Dataset extract Block Start

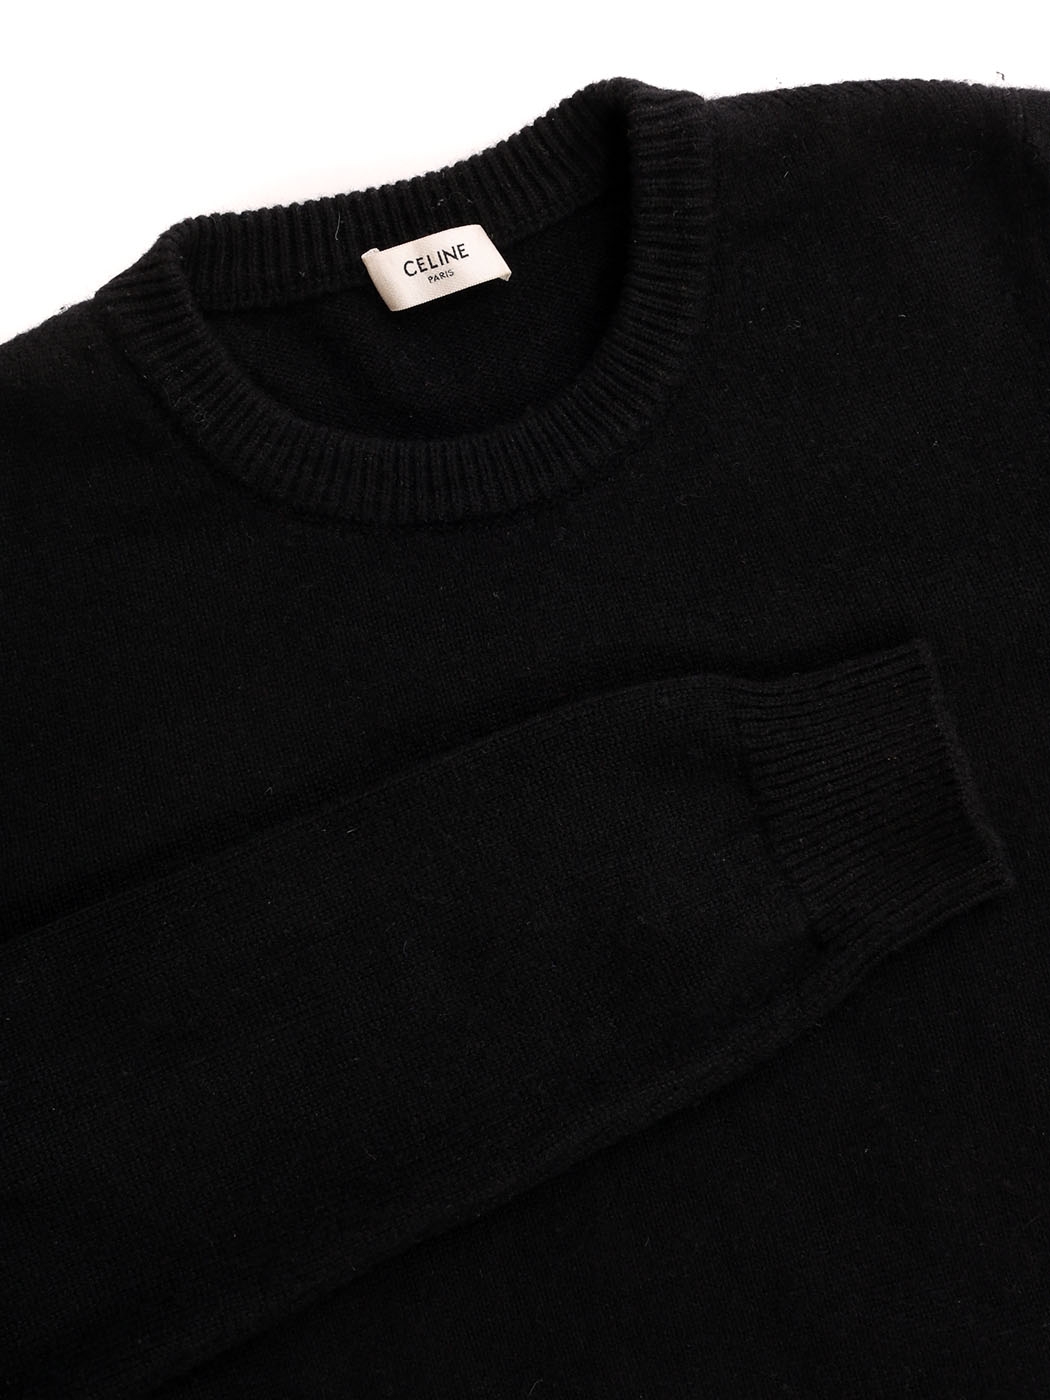 celine paris anchor sweater in cashmere fleece
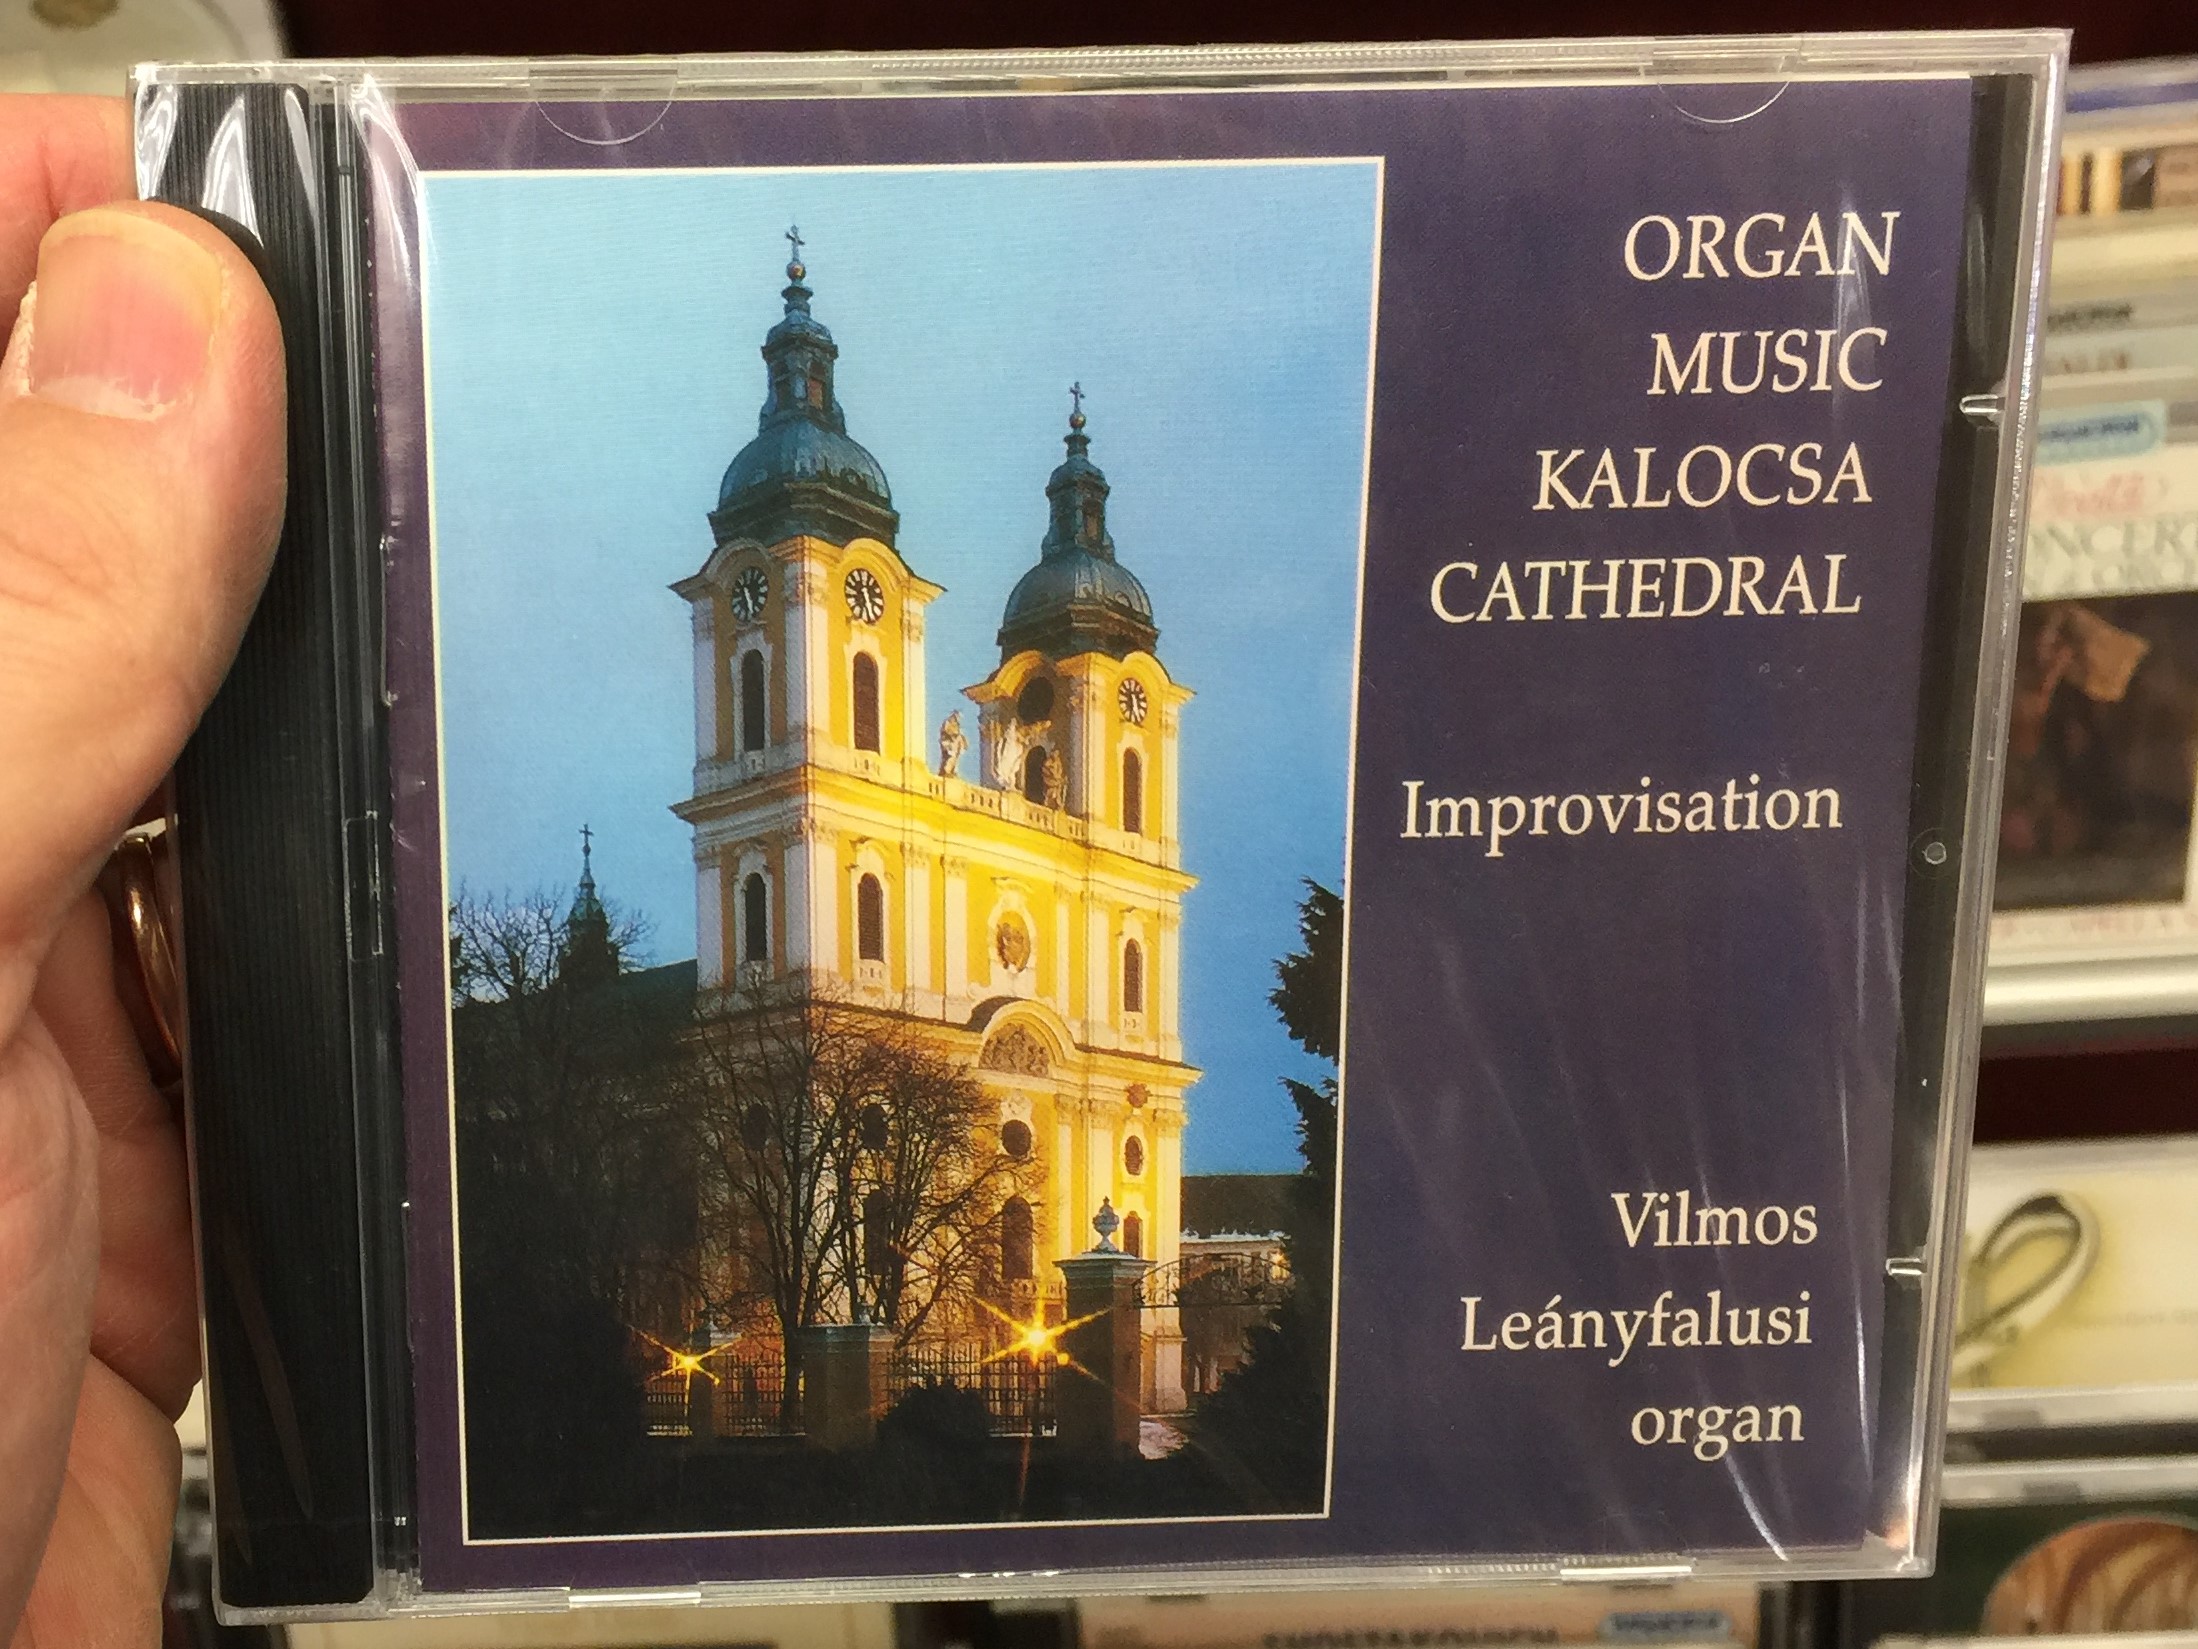 organ-music-kalocsa-cathedral-improvisation-vilmos-leanyfalusi-organ-audio-cd-2005-4260364603491-1-.jpg
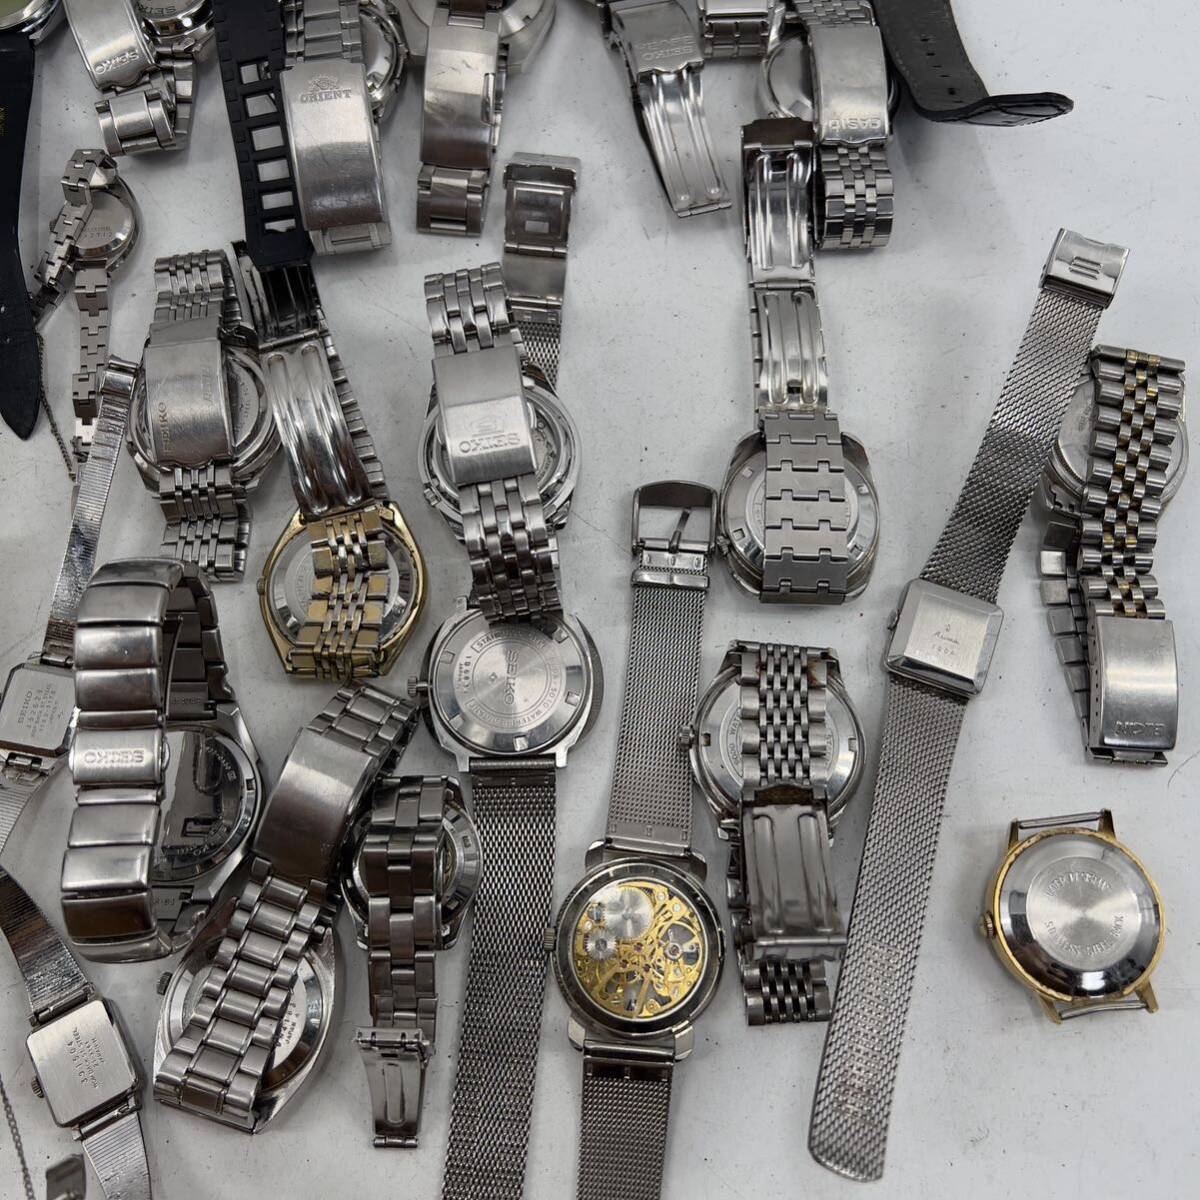  продажа комплектом самозаводящиеся часы механический завод кинетический AGS часы LONGINES SEIKO CITIZEN TISSOT ORIENT античный бренд мода различный 50шт.

Dataset extract Block End

__What the task requires__. Give the material again exactly as it is, but keep the pictures out.

__Solution to the problem__.
 celine paris anchor sweater in cashmere fleece
 organ-music-kalocsa-cathedral-improvisation-vilmos-leanyfalusi-organ-audio-cd-2005-4260364603491-1-.jpg
  продажа комплектом самозаводящиеся часы механический завод кинетический AGS часы LONGINES SEIKO CITIZEN TISSOT ORIENT античный бренд мода различный 50шт.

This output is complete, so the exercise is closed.